Though younger, Sarah is also in the same dilemma. ”I am 22, and have been dating a married man for two years now,” she confesses. ”We love ourselves and have sex together. He caters for all my needs and is ready to foot my bill up to master‘s degree level. He believes young men are not good enough for me. They are just after sex and will not help me achieve much in life. He believes that at 22, I am not yet prepared for any serious relationship that may amount to marriage. He wants me to finish my masters, secure a job and then I can get married. I appreciate his plans for me but I feel I should get serious with a single guy and wherever it will lead us. I will be done with school in less than a month and there is this young guy coming up. He really likes me but I don‘t really like him and I feel it is because of my relationship. Really, no bachelor can be like him in my life.”

Cynthia, 28 is also very confused about Collins. ”He wanted me to have a baby for him out of wedlock,” she says. According to the businesswoman, she could end up being a kept mistress. ”He wedded in the Catholic Church and he would not want a second marriage when he was not divorced from his wife.
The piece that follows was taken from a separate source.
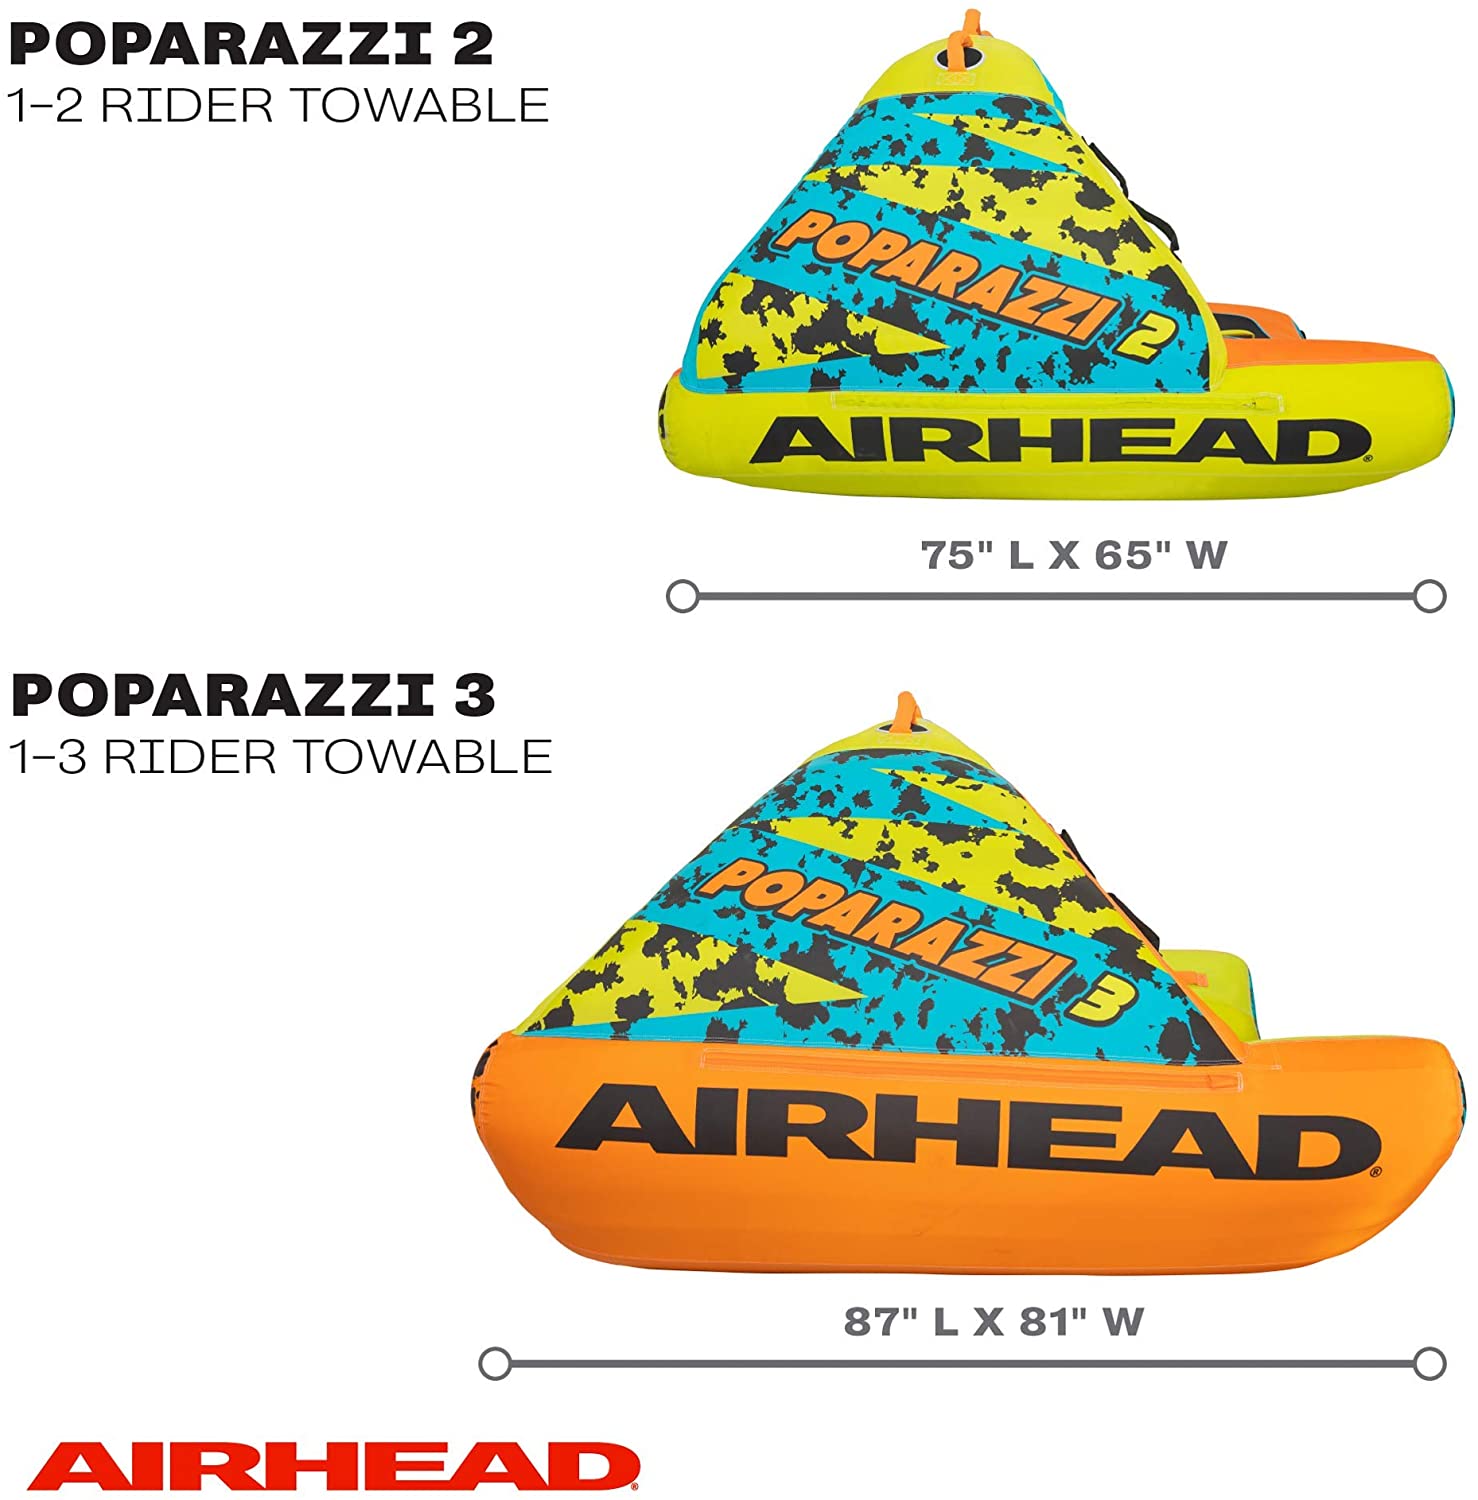 Airhead AHPZ-1750 Poparazzi 3 Person Inflatable Towable Water Lake Boating Tube - image 4 of 7

I know he loved her dearly and spoke glowingly about her whenever I asked him what would happen to us. He had been married for 12 years and the marriage had not produced a child. When I advised him on adoption, he disagreed and said he wanted his own children. Now, he had opened a wine shop for me in a choice area, he catered for my needs, my family members and I drive an exotic car about town. His gift for me whenever I have his first child would be mansion in a choice area in Abuja. Already, he had stopped the use of condoms but I am afraid. What if that woman killed me through voodoo? Though he said he would tell her about me, I know he dare not because he not only loved her, he also lived in fear of her because she made him who he is today. I am really confused,” she says.

Maybe the scariest of these stories is that of Barbara, 25 and a youth corps member. ”I am in love with a man who is 12 years older than me,” she starts. ”He loves me too and encourages me in my career. He has proposed to me but I am yet to give him an answer because he is married with two kids. His wife is also pleading with me to marry him but this confuses me the more. When I asked her why she wanted a second wife for her husband, she said she needed a mate to share the vast wealth with in her husband‘s life.
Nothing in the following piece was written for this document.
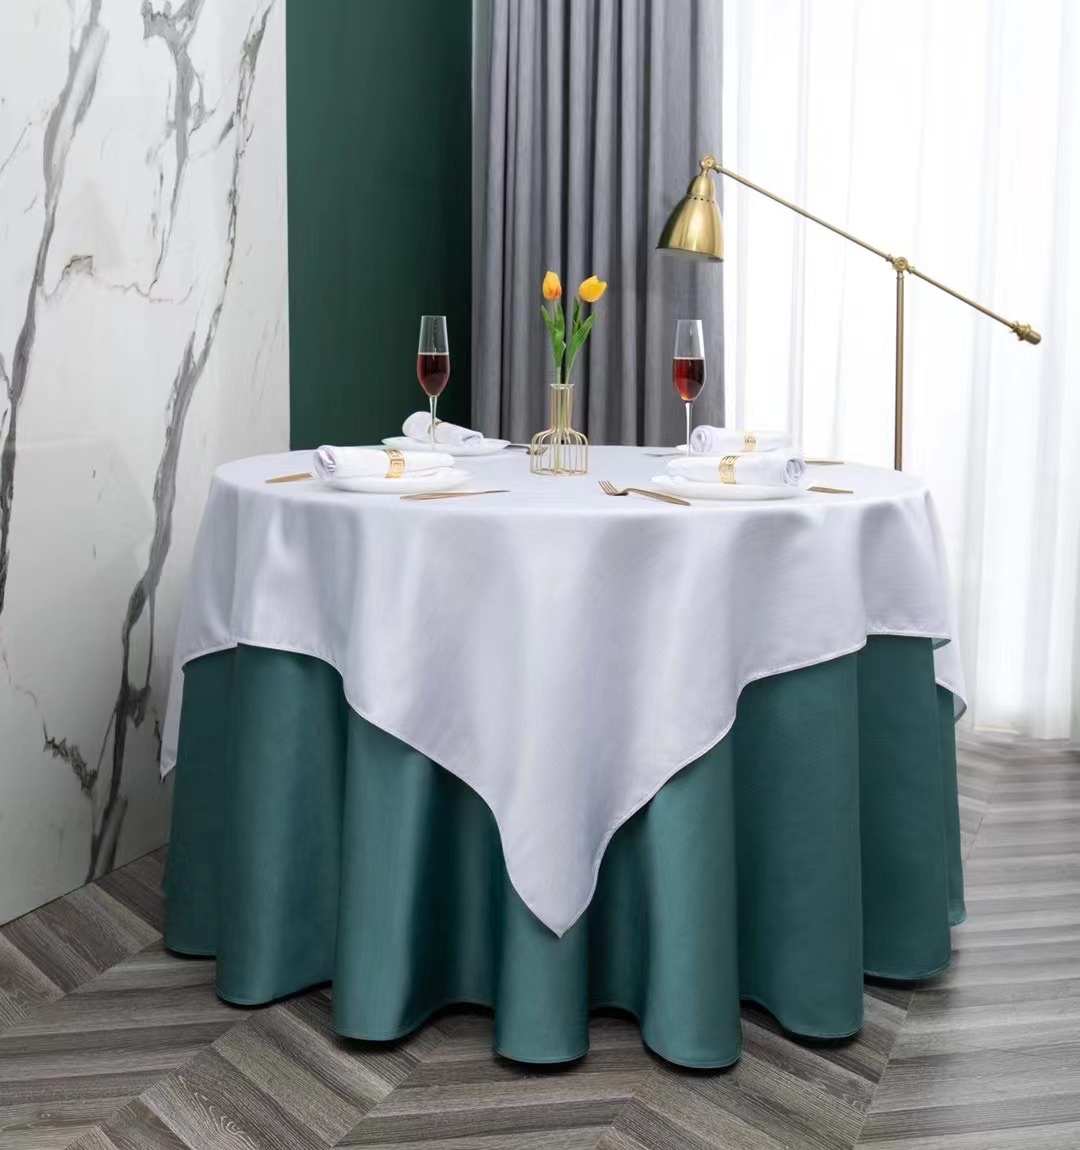 Nicefoto Hotel Supplies Hotel Tablecloth High-End Hotel Tablecloth

”I thought both of them were joking until the man revealed that he needed a male child from me. I had humorously revealed to him that my mother had seven sons and me. Then all of my sisters have sons and no daughters. For a male child, he had promised me a car, a house and would set me up in a viable business. I am really afraid because I am dating Paschal, a young man working in the civil service. Already, Paschal had proposed to me and we had arranged to get married after my service. But this older man is richer, more caring and hardly quarrels with me. I am so confused because Paschal could commit suicide if I dare jilt him. What do I do?”